# Lets hear some Mud Land reviews



## Angler 1 (Apr 27, 2005)

Ok,

I know there is alot of people that went today, lets hear the good and bad.

I think they need a road for the exit! LOL


----------



## dabossgonzo (Mar 5, 2010)

*arghhhhh*

Pulled a muscle in my dang back last weekend and still down..... getting old (er) suxs! 
My buds said sorry you are down we be going anyway... said the place was packed but they had a great time. Somebody post up some pics..... COME ON HOTROD TELL ME WHAT I MISSED!!!


----------



## Angler 1 (Apr 27, 2005)

Wanna hear some reviews!


----------



## Devin 85 (Jul 19, 2012)

they defiantly need a better parking area!!!...other then that it wasnt to bad..there was alot of people! i had a blast there wasnt alot of trails to ride but im guessing w time people will start making there own. it was mainly ditches and creeks that people were riding down & through.. has a lake that people were riding in, mostly flat land! imo its worth 10 dollars to ride plus its closer to me then crosby..


----------



## 4Rodsfishing (Oct 27, 2009)

There was a lot of people for the Grand Opening. Parking area needs improvement also needs a gravel road leading to the exit gate. There were a lot of trucks getting stuck pulling their toys to the exit gate. I told they will be working on these issues soon. Otherwise the land is flate, with creeks, ditches, ponds and a lot of mud. The area needs more trails, those will be made as time goes by. My neighbor sons took their Suburu out there and had a blast. My sons and ours friends enjoyed it and had a lot of fun. We plan on going back again, it 10 minutes from them house if the train doesn't stop us. Spent all moving cleaning our toys. Here are a few pics


----------



## Tankfxr (Dec 26, 2007)

That subaru looks out of place. But looks like it was fun. That wouldn't be too far of a drive for me and some buddys to make. Probably just a little further then mud buddy's which is where i normally go.


----------



## bearwhiz (Jan 30, 2011)

Where is this place?


----------



## 4Rodsfishing (Oct 27, 2009)

Mud Land Offroad Park in Alvin Tx, they are on Facebook and here is their website.
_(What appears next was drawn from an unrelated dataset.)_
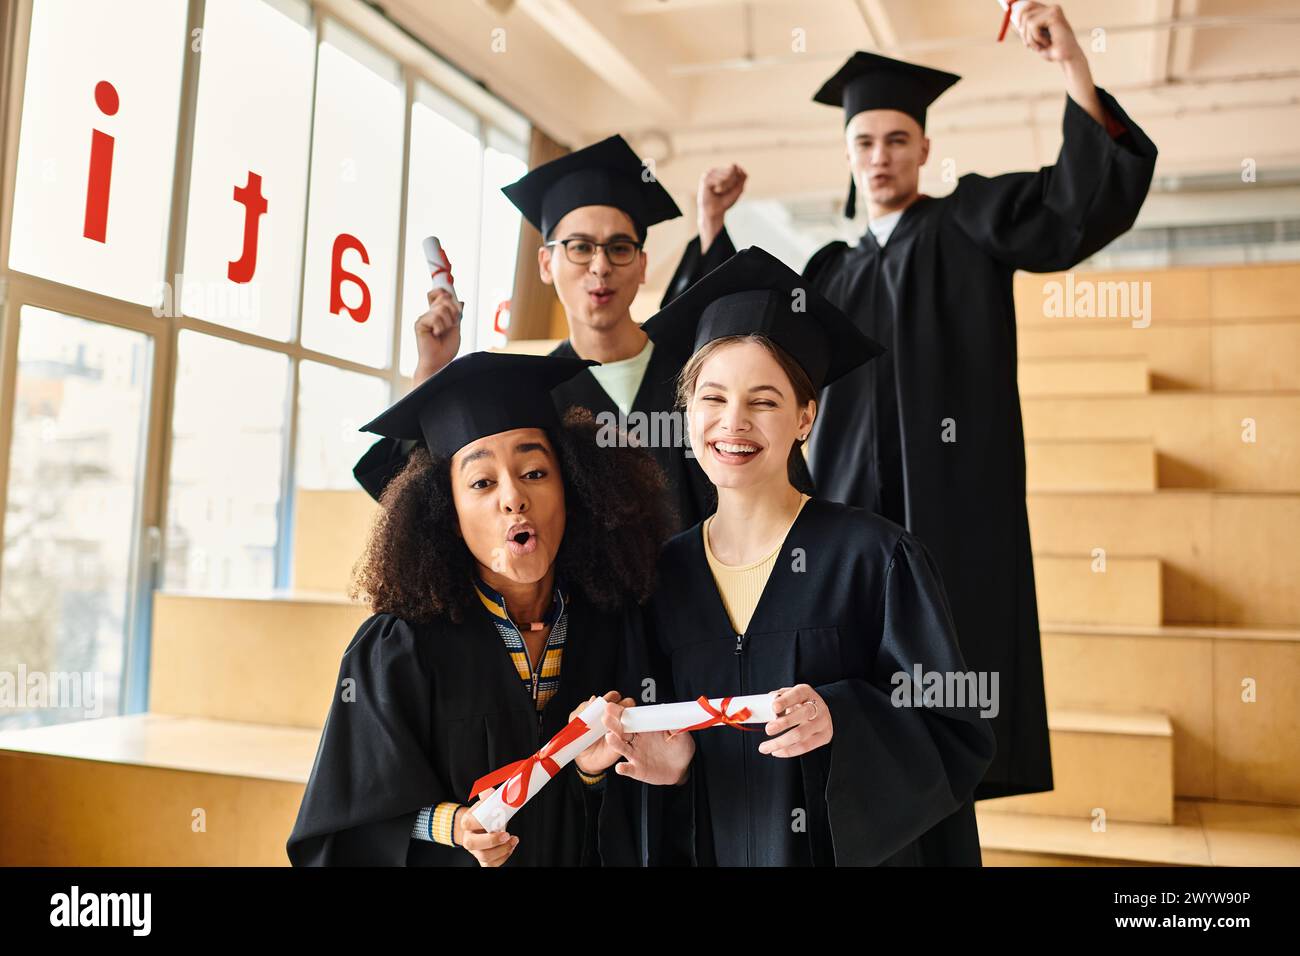 Multikulturelle Studenten in Abschlusskleidern und -Mützen posieren nach Abschluss ihrer akademischen Reise gerne für ein Foto. Stockfoto

http://mudlandoffroad.com/


----------



## Hotrod (Oct 11, 2006)

We had fun, I forgot how much I hated black gumbo tho! Kris said they had over 1300 people thru the gates this past weekend. Weather was nice and people came! Its gonna be one big mud pit before long. I saw the Suburu with no bumpers. Hope thats not his daily driver lol. They are working on the parking lot, it will just take time. They are gonna be working on getting water, showers, and Rv hook ups by the summer. 
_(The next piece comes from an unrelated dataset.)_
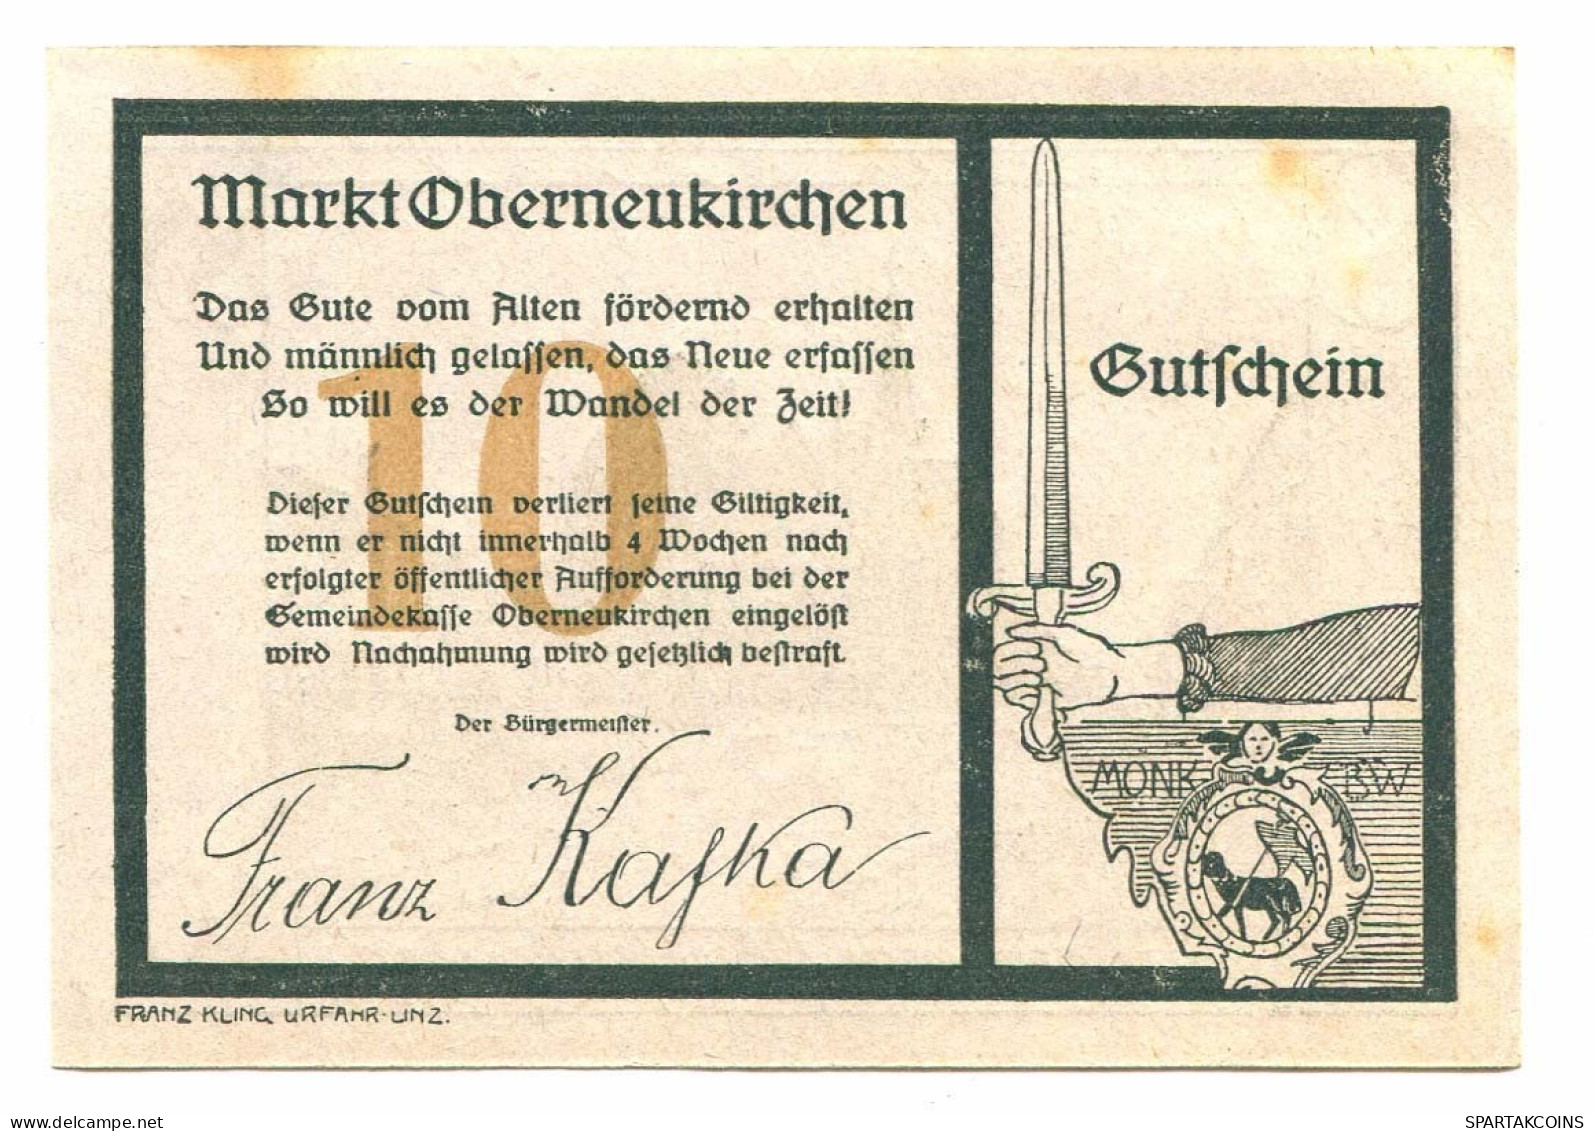 10 Heller 1920 OBERNEUKIRCHEN Österreich UNC Notgeld Papiergeld Banknote #P10439 - [11] Local Banknote Issues

I have some pics and vids Ill try and post soon. We had a big group and had the usual fun. A lot of people didnt know, but there is still more of the park that hasnt been opened yet, like another 150 acres


----------



## 4Rodsfishing (Oct 27, 2009)

The suburu is his daily drive, I bought his bumpers and muffler home. He spent all day Sunday getting it cleaned and putting the muffler back on. He dicided to leave the bumpers off for now. He is talking about getting a different car for daily use so he can raise up the subie and getting some mud tire to have some more fun.


----------



## BATWING (May 9, 2008)

Well at least there is a new place for Houston folks to ride besides crosby.


----------



## majekman (Apr 22, 2006)

Parking lot an exit does need some attion it just takes money and time, but all in all had a blast will be going back spent all sunday cleaning but worth every bit of it.


----------